Affie inquires after the Byne Guild's involvement in Amaxine, and discovers that their employees are actually indentured servants; many, including her birth parents, were sent to the space station as work, but died due to the dangerous upper levels. Reath struggles with Jora's death against the Nihil, and discovers that Nan and her partner are actually part of the Nihil. The Jedi realize that the idols actually were repressing the idols and by sealing them together they let loose the dark force; Cohmac and Orla are angered when the Jedi Council is unwilling to take the risk and return to Amaxine to solve the problem. Cohmac, Orla and Reath rejoin the Vessel and go back to Amaxine. On the lower levels, exploring the place of Dez's death he is transported in a pod to a planet taken over by the carnivorous plant-like beings Drengir, and sees that Dez is alive and being tortured. They escape, while Cohmac and Orla fight off Drengir on Amaxine, which is revealed to be a powerful structure that can transport pods to anywhere across the galaxy; the Nihil, seeing this as a means to further their plans of disorder across the Republic, board the structure and engage in the conflict. After a battle in which Reath vents the Drengir and Nihil into space, the Vessel and its inhabitants return to Coruscant once more. Reath and the Jedi are disciplined, but lauded for saving Dez. Orla leaves as a Wayseeker. Cohmac agrees to become Reath's new master. Reath decides that he is not an adventurer but will gladly step into the unknown if it means that his exploits can be properly archived in history. Affie exposes Scover and Byne Guild, and Leox lets her become the new captain of the Vessel. Nan reports to Marchion Ro, who ensures her that the Jedi will be eliminated.

=== Twenty-five years earlier ===
Orla and Cohmac, with their masters, are sent to rescue kidnapped dignitaries from the Directorate, a spinoff of the Hutts.
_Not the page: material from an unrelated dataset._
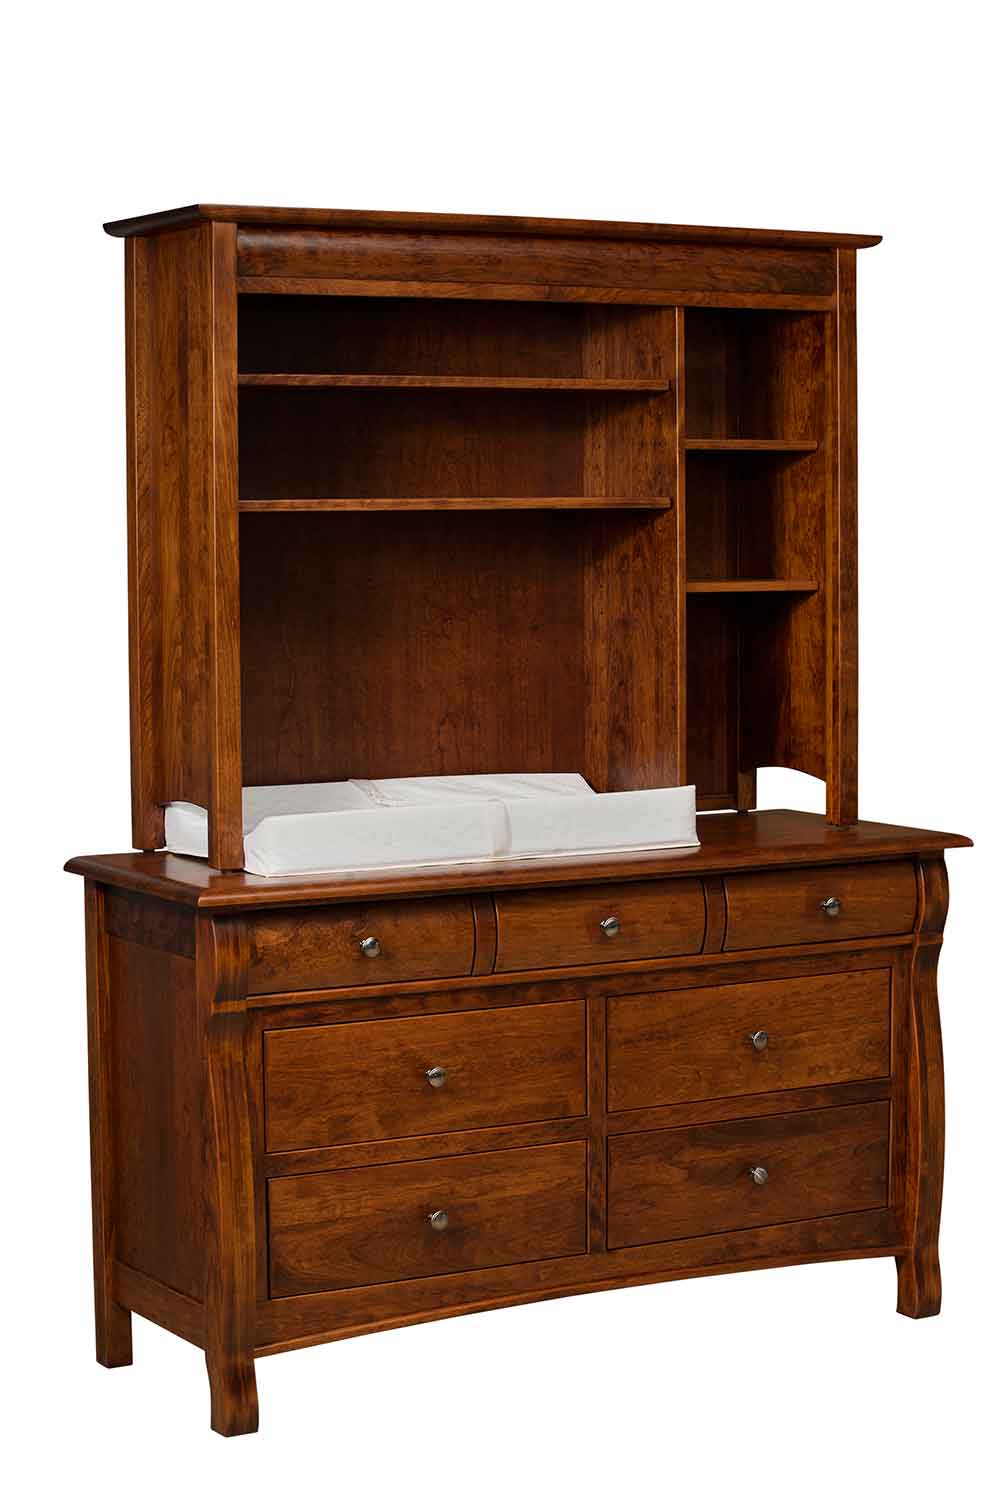 Castlebury-7-Drawer-Dresser-with-Hutch-Top-OTO.jpg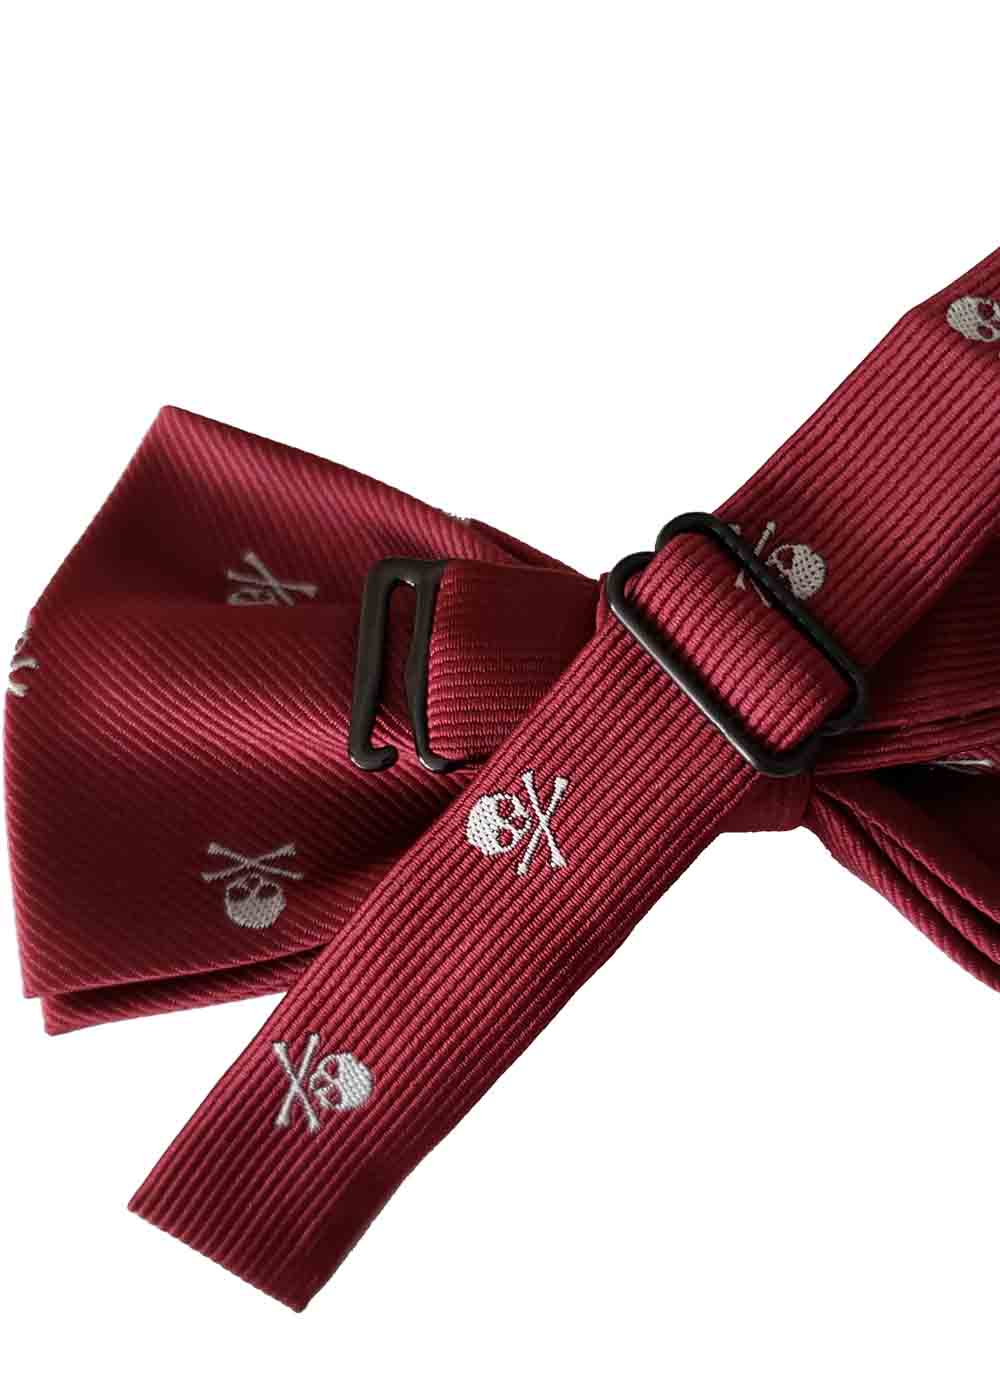 Gascoigne Skull & Crossbones Bow Tie Red White Pre-Tied Adjustable Men's

Cohmac's master is killed, but he is unable to properly mourn for him due to the strict Jedi rules; this opens a darker part of himself, and he begins to confront whether the separation between the light side and dark side is really as clear-cut as it seems. They rescue the dignitaries, but one is killed; Orla believes that had she followed her instincts and acting how the Jedi forced her to act, then she could've saved both lives. The Hutts rise in power from this incident. It also motivates Orla and Cohmac into where they end up by the end of the present-day narrative.

== Characters ==

- Reath Silas: Padawan to Jedi Master Jora Malli.
- Affie Hollow: Operator in the Byne Guild and co-pilot of the starship Vessel.
- Leox Gyasi: Pilot of the Vessel, a scoundrel.
- Geode: A Vintian resembling a tall stationary slab of rock, navigator of the Vessel.
- Cohmac Vitus: A Jedi Master known as a scholar and mystic.
- Orla Jareni: An Umbaran Jedi Master and Wayseeker.
- Dez Rydan: A Jedi Knight and Malli's first apprentice.

== Reception ==
Bryan Young, writing for /Film, called the novel "a hell of an experience from one of the best writers working in Star Wars," noting the expansive cast, quirky tone, and the ways it deepened the mystery of the universe. Young sardonically lauded the character Geode as "the runaway star of the book [despite being] a character who doesn't speak...if there is anything people will be talking about after this book, it's going to be Geode and how utterly charming and hilarious he is." Kofi Outlaw of Comicbook.com acclaimed the novel as being "chock-full of wit and humor" among the "offbeat collection of characters." Den of Geek said that "Into the Dark [...] is a good introduction to the High Republic era, and a fun but not particularly deep Jedi fantasy."